In generale, le diverse forme di movimento dell’ultima fase sono state la dimostrazione che «l’integrazione e la passivizzazione relativa dei singoli nelle organizzazioni di massa è sempre meno praticabile, ciascun individuo essendo proteso verso la soggettività».5 La società di massa individualizzante caratterizza dunque anche la partecipazione politica nei movimenti, oltre che quella nei partiti politici e nelle organizzazioni sociali. Il cammino verso la centralità dell’individuo come condizione esistenziale fondamentale deriva non solo dalle maggiori conoscenze diffuse, dalla tecnologia e dalle comunicazioni. Ma anche dalla cultura e dai costumi, dalla domanda nuova di consumi individuali che caratterizza la società postmoderna.6 Lo sviluppo della soggettività individuale spesso sfugge alla capacità di risposta della massificazione dei consumi e delle grandi organizzazioni burocratiche pubbliche. La prevalente dimensione individuale rende anche la partecipazione politica più esigente, vi trasfonde grandi slanci ed egoismi individualistici o localistici, competenze assai specifiche e discontinuità all’impegno, infedeltà. Nobilitare e specializzare l’impegno politico o usare la politica secondo la logica più elementare di uno scambio fortemente personalizzato, o ascoltarla e fruirne nella versione semplificata e persuasiva offerta dalla macchina del consenso berlusconiana:7 le risposte del cittadino globale alla sua solitudine sono di segno assai diverso, con una polarizzazione accentuata che discende dall’appartenenza sociale e dai livelli di formazione e con vaste aree di condivisione delle tendenze. Lo stesso attivismo giovanile, il ritorno alla politica che si riconosce anche negli orientamenti politici dei giovanissimi virati verso sinistra dalle elezioni del 2001, pare segnato dall’individualismo crescente e dall’esigenza della sperimentazione identitaria.8

Sono queste alcune delle ragioni, solo accennate, che indicano i caratteri di fragilità dell’impegno collettivo. Dobbiamo abituarci all’idea della discontinuità dei movimenti come carattere permanente: per troppo tempo la sinistra ha vissuto e subito la mitizzazione di movimenti nati al culmine di un’epoca irripetibile e in attesa di una improbabile riproduzione degli stessi fenomeni. Perciò oggi è meno che mai utile strumentalizzare i caratteri di spontaneità e di vera profondità che via via sono emersi: da quelli di sicura prospettiva espressi dai movimenti sulla globalizzazione e per la pace, a quelli a forte impatto comunicativo, che hanno visto attiva o attenta una parte importante del ceto medio riflessivo.

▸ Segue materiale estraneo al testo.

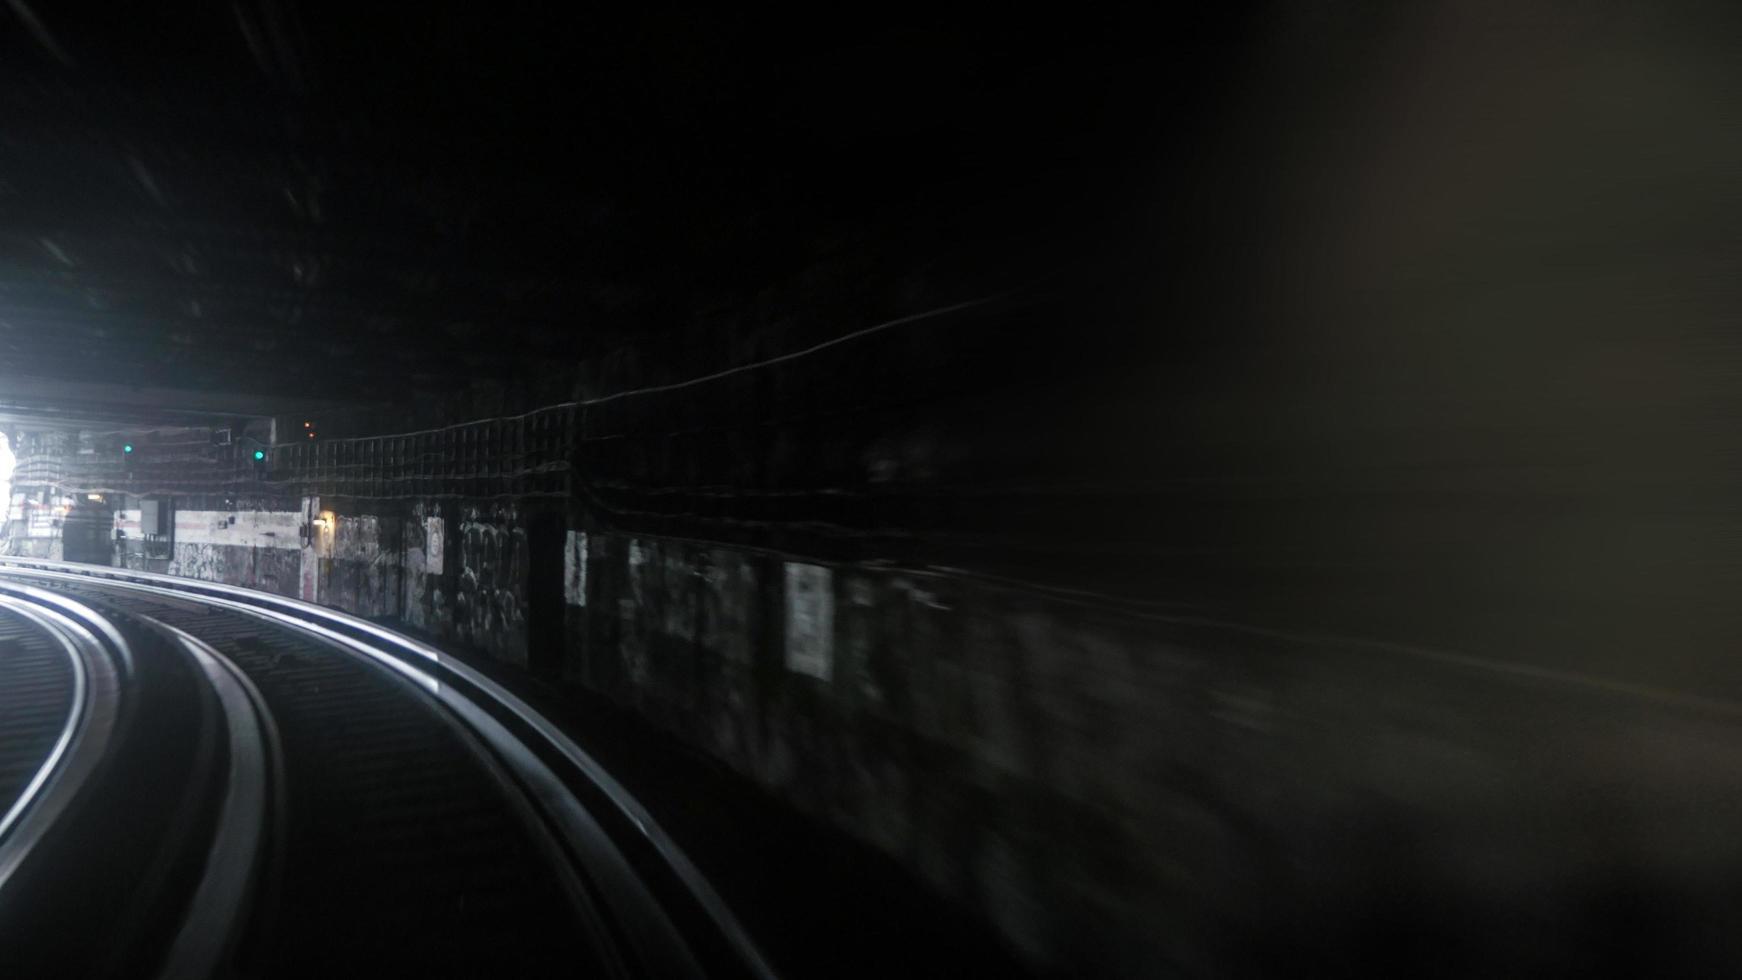 longue exposition d'une rame de métro photo

Riconoscimento dell’autonomia, integrazione dei percorsi partecipativi La sinistra e l’Ulivo, con la consapevolezza dei cambiamenti di qualità e di peso della loro rappresentatività, devono saper interloquire con le forme associazionistiche della società civile, interagendo con altre nuove aggregazioni: dai comitati locali territoriali, agli organismi dei consumatori.9 Si deve offrire un mix fatto di riconoscimento dell’autonomia e d’integrazione di percorsi partecipativi che nascono diversi e possono anche rimanere distinti.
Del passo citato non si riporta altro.